The skill of story telling has an intimate relationship with therapeutic. In this book, Sandercock uses a whole independent chapter to emphasize the power and importance of telling stories. She expresses that ‘a better understanding of the role of stories can make us more effective as planning practitioners’ and ‘story and story telling are at work in conflict resolution’. (P.182) Good stories can not only help to build a good logical planning system, but also persuade others when conflicts and disagreements coming out. Besides, planners have the duty to collect and hear voice from marginal minorities, designing meetings for them to speak out and encourage them to speak. Planners should bring more opportunities to public participation, especially for minorities. A good story teller could absorb voices of public and make up them into planning system. Although scale is also one limit to story telling while power itself as the other one, good skill of telling story is necessary for planners.
The Right to the City
In Henri Lefebvre’s language, the right to the city ‘can only be formulated as a transformed and renewed right to urban life’. (Henri Lefebvre: 1996) In Cosmopolis II, Sandercock suggests that the express of accommodation of difference by Amin could be adopted as the right of difference, the right to the city into Lefebvre’s notion. That is ‘a vocabulary of rights of presence, bridging difference, getting along’ (Ash Amin:2002) In this book, the core of multicultural are emphasized as two rights: the right to different (diversity) and the right to the city. Every individual should own the equal right to occupy public space and share the common. Both the majority and the minority have the right to presence and speak in political system.
David Harvey defines the right to city as ‘it is a right to change ourselves by changing the cit.

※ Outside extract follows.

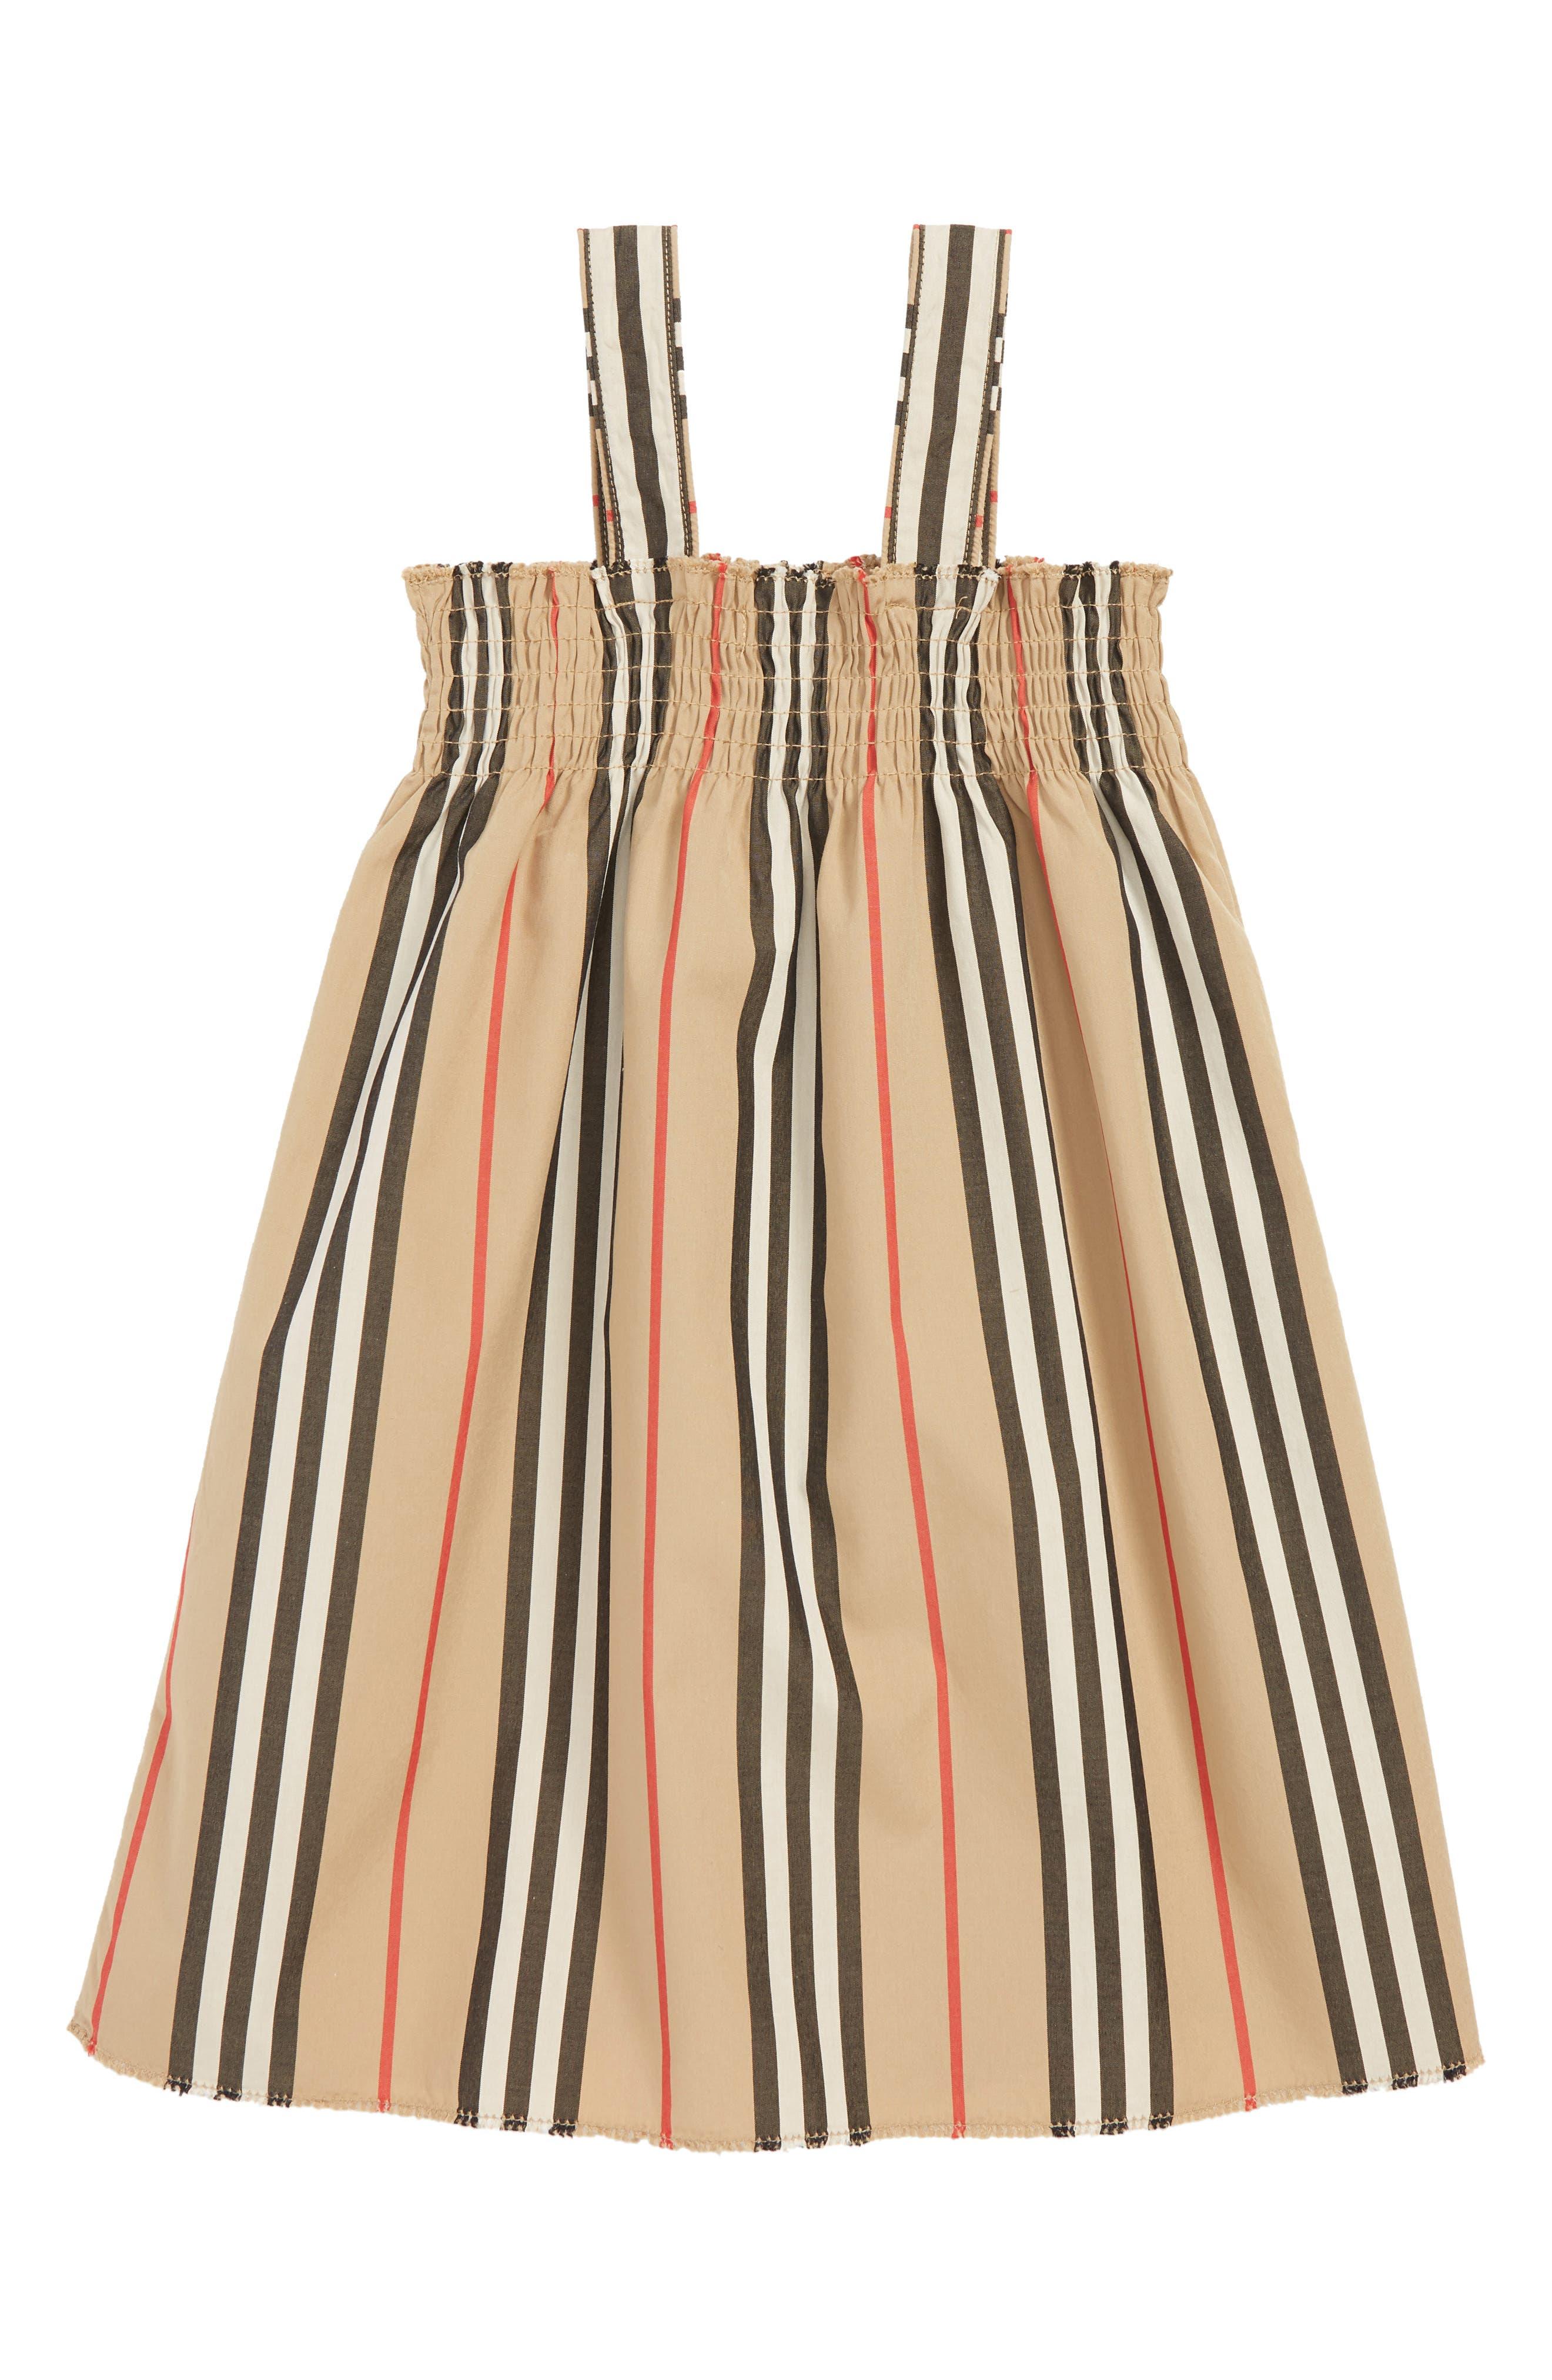 BURBERRY, Mini Junia Stripe Dress, Alternate thumbnail 2, color, BEIGE
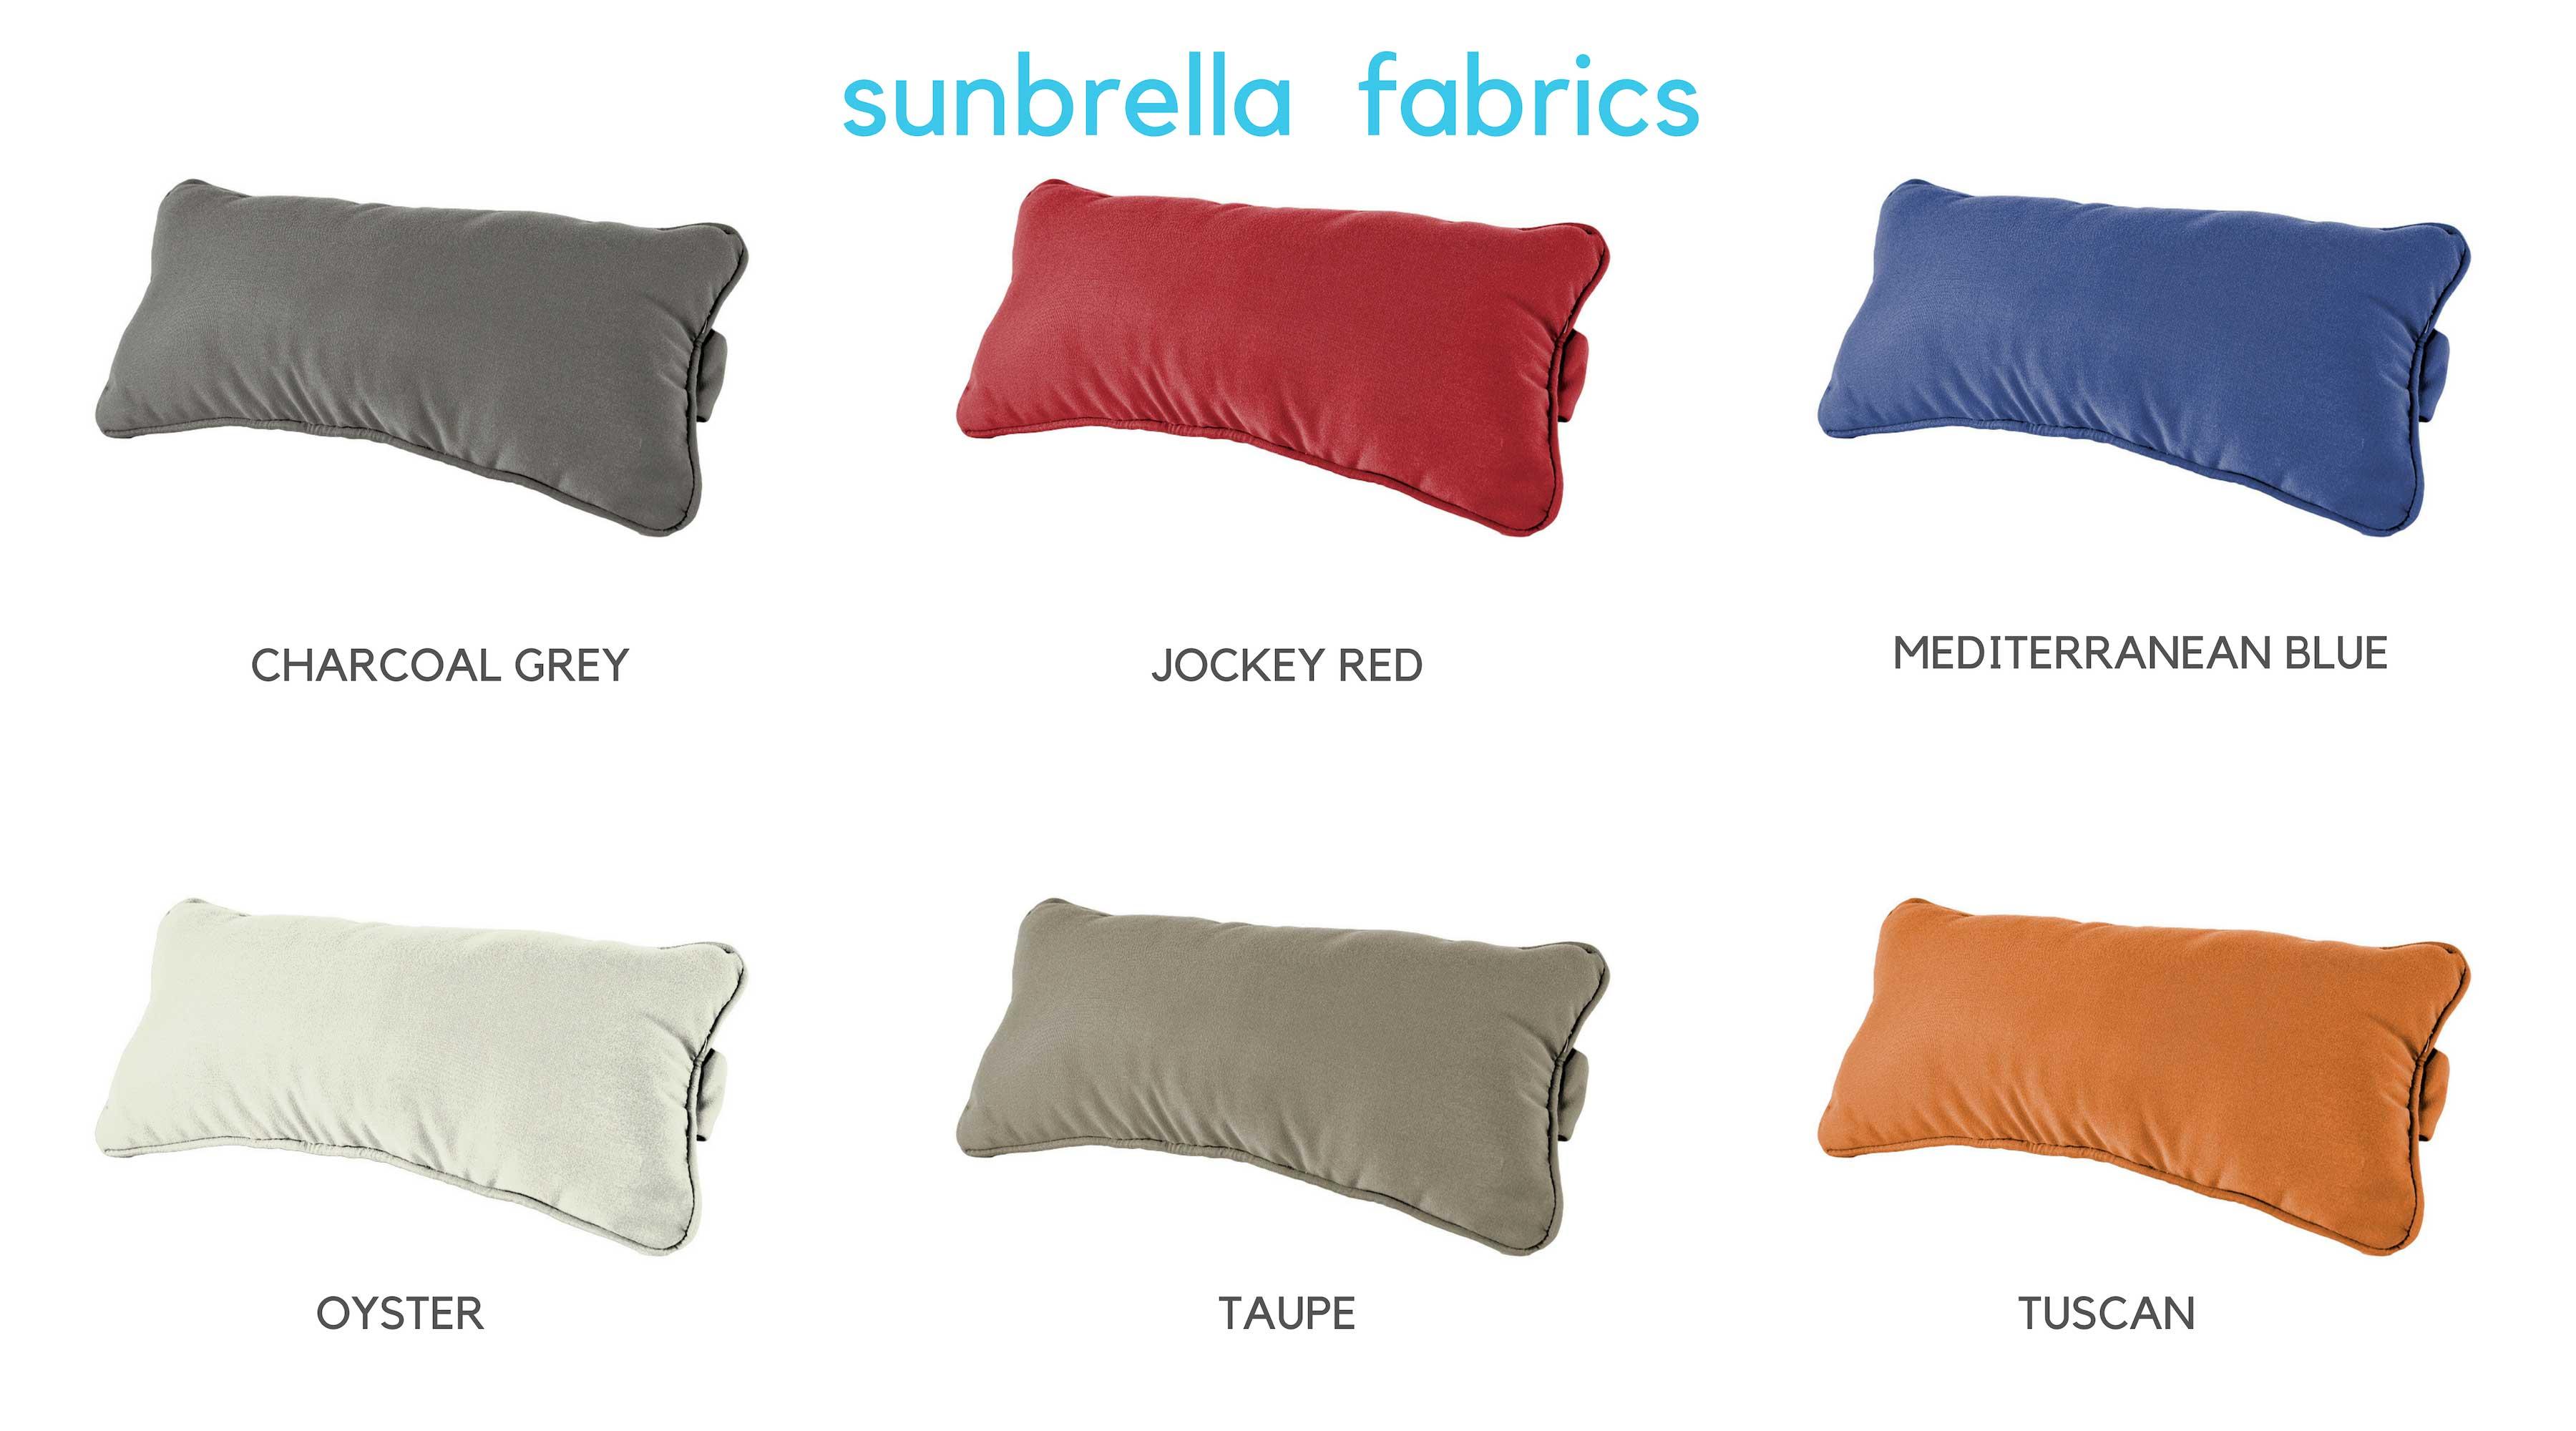 ledge-lounger-headrest-fabrics.jpg

It is more rather than an individual right since this transformation inevitably depends upon the exercise of a collective power to reshape the processes of urbanization’. (David Harvey: 2008) In Harvey’s article, he discusses capitalism as reproduced through the production of urban space and the changes of the cities result from these capitalism shifts. If we believe that the transformative planning system will contribute to the future of cosmopolis, the right to the city might be one of the most significant issues related to the renew of urban space. The neglect of minorities (here especially immigrants and the lower class) results in isolation and some darker aspects like dispossessions and exclusion. The mainstream which always refers to the white-male in western countries takes over the direction of planning. Most of the budgets is prioritized over the need of few big financiers and investors.
John Forester, 2000, P.245
Henri Lefebvre. 1996. The right to the city. Writings on Cities. E. Kofman and E. Lebas: 147-159.
David Harvey. (2008). “The right to the city.” New Left Review 53(september october): 23-40.